Fall 2010: Preventing Capture, An Initiative and Forthcoming Volume

In recent years, our country has weathered shared disasters of great magnitude, calling into question the resilience of a range of societal institutions, from our financial system to our oil rigs. These events suggest that proper regulation is both necessary and, in too many cases, in need of significant improvement. Yet, as policymakers aim to prevent future crises, contemporary scholarship has not offered adequate insight into where regulation can  be effective and how to strengthen weak or captured agencies.

Toward this end, Tobin launched an initiative in 2010 to examine the potential for regulation to solve social problems without falling prey to industry capture.
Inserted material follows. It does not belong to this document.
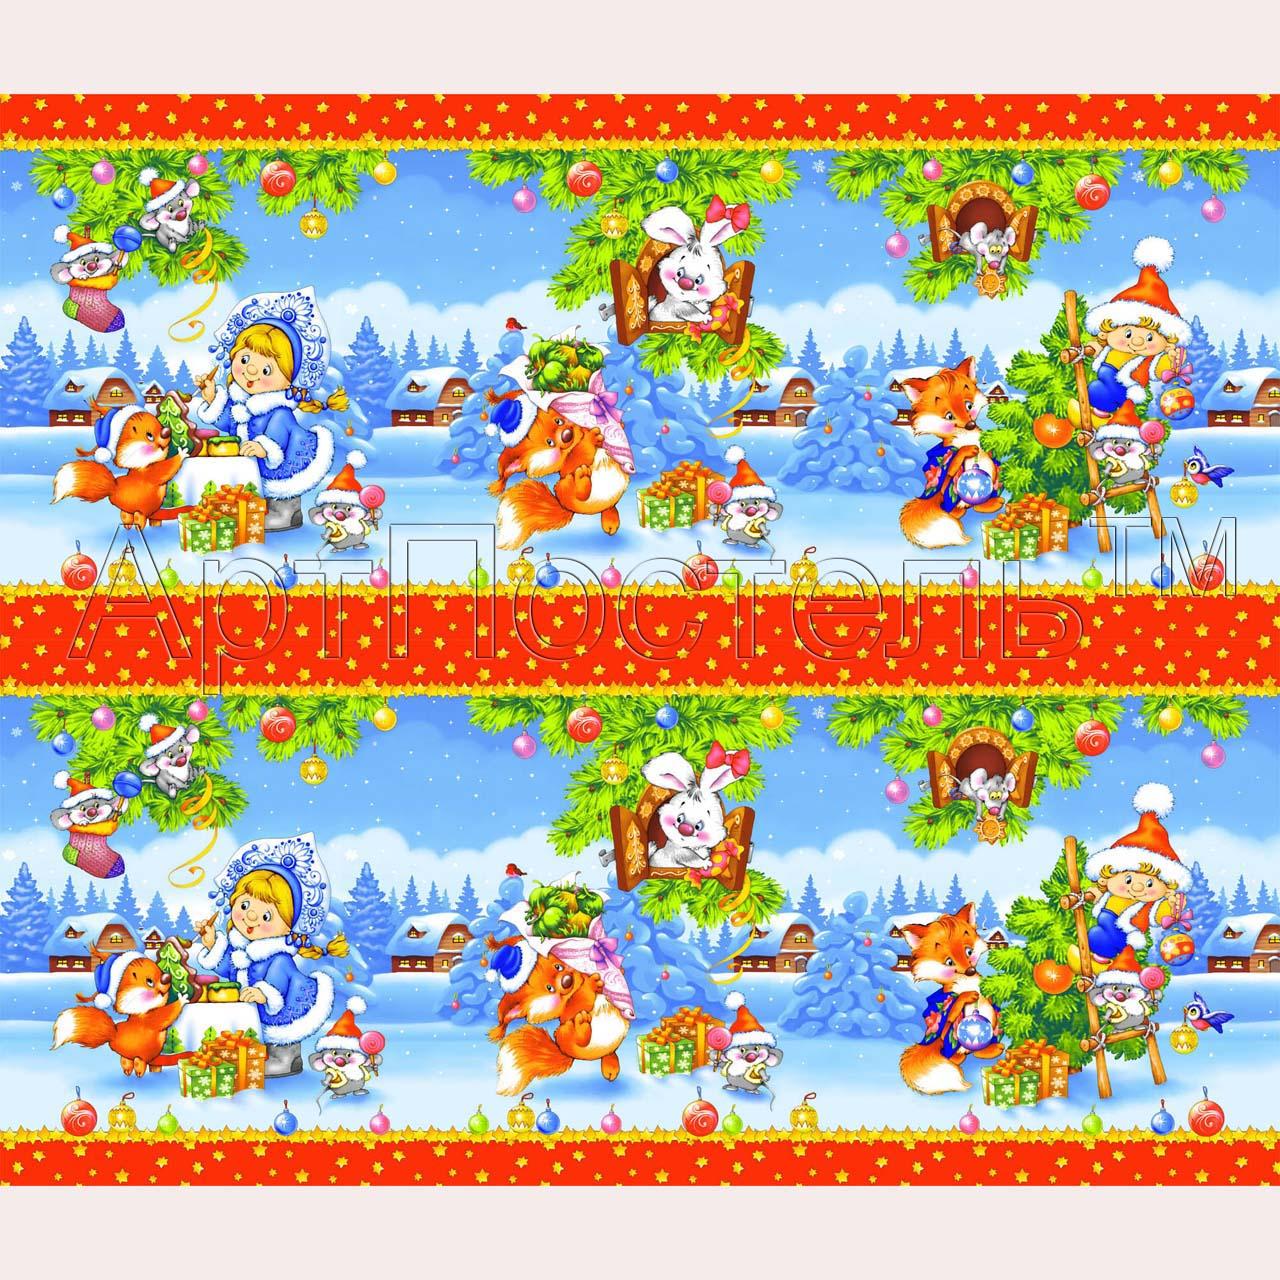 Набор полотенец Волшебный лес р. 45х60Вафельные полотенца<br>Плотность:160 г/кв. м<br><br>Тип: Набор полотенец<br>Размер: 45х60<br>Материал: Вафельное полотно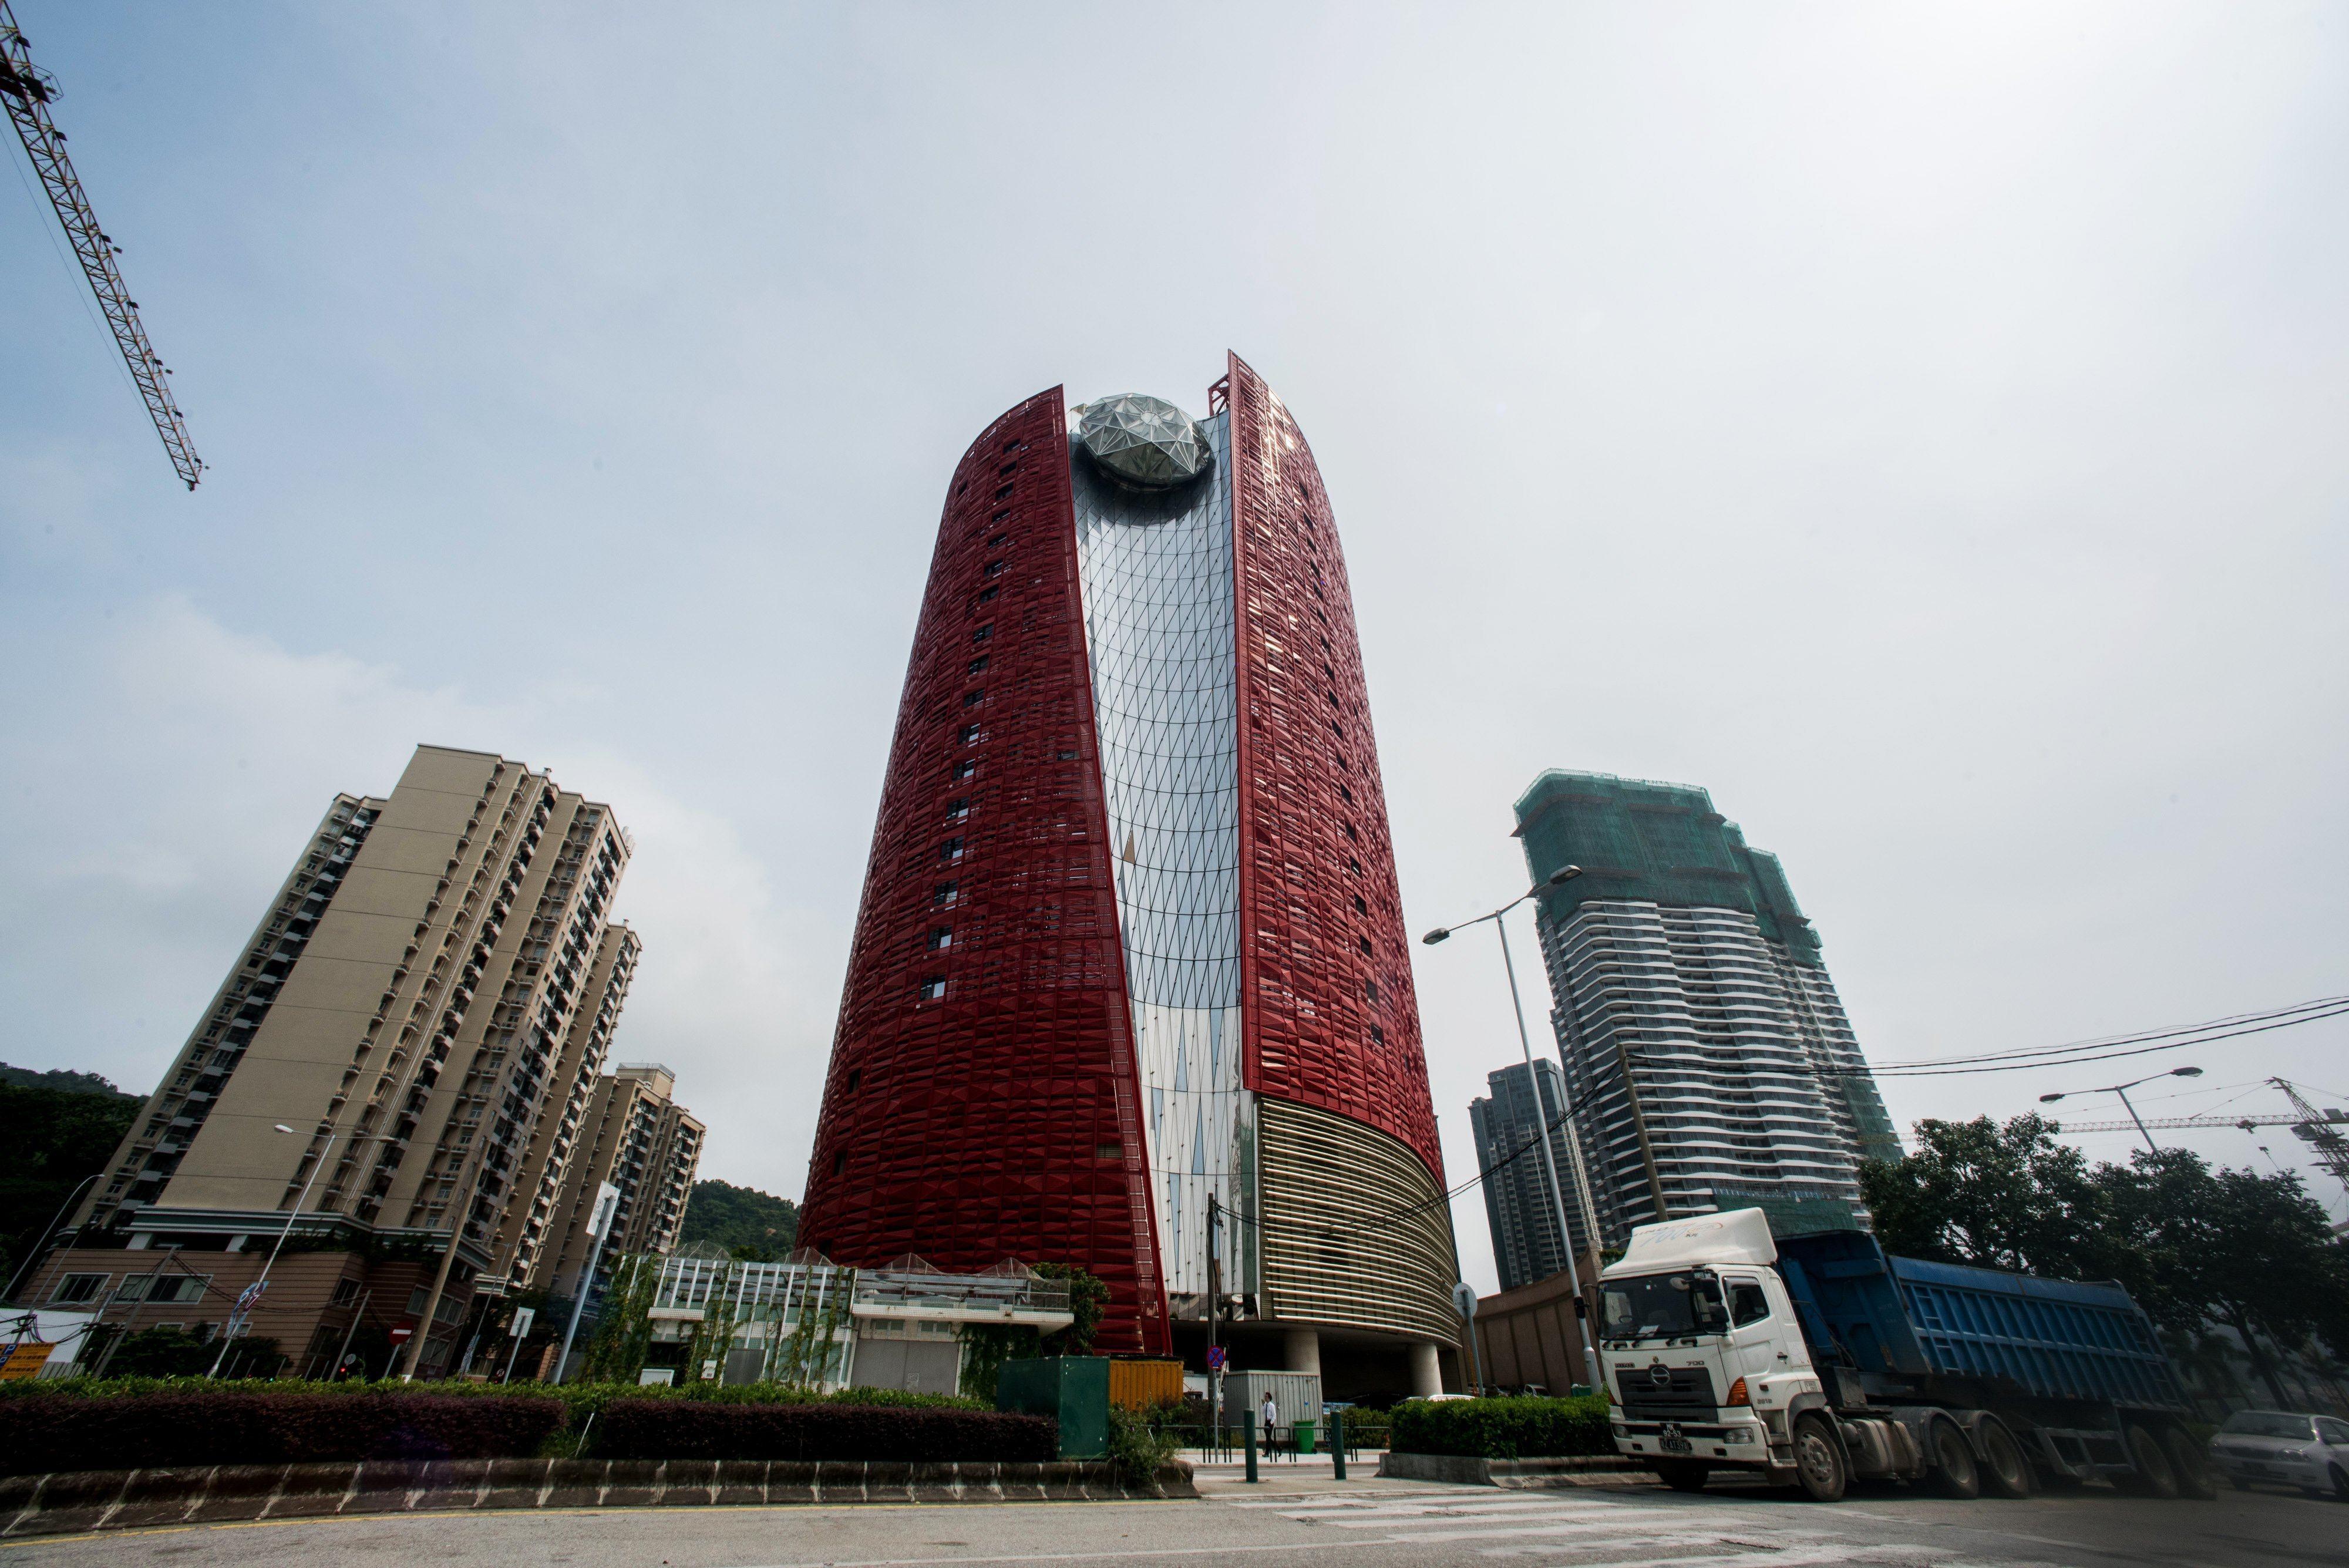 The 13 Macau casino resort

Tobin’s Preventing Regulatory Capture initiative aims to produce new scholarship capable of transforming the contemporary discourse on regulation. Motivated by their work with policymakers on financial regulatory reform, Daniel Carpenter (Harvard University, Government) and David Moss (Harvard Business School) have assembled a team of top scholars to produce a volume on Preventing Capture that could definitively recast our understanding of capture and improve the accuracy and practical impact of this scholarship. Scholars participating include Richard Posner (University of Chicago Law School), Mariano-Florentino Cuèllar (Stanford Law School), and Richard Revesz (Dean, NYU Law School).

In November, the authors convened to workshop drafts of their chapters. Senator Sheldon Whitehouse (D-RI) joined the group to offer his perspective on the importance of this research effort from Congress, where he is holding hearings and drafting legislation to target regulatory capture.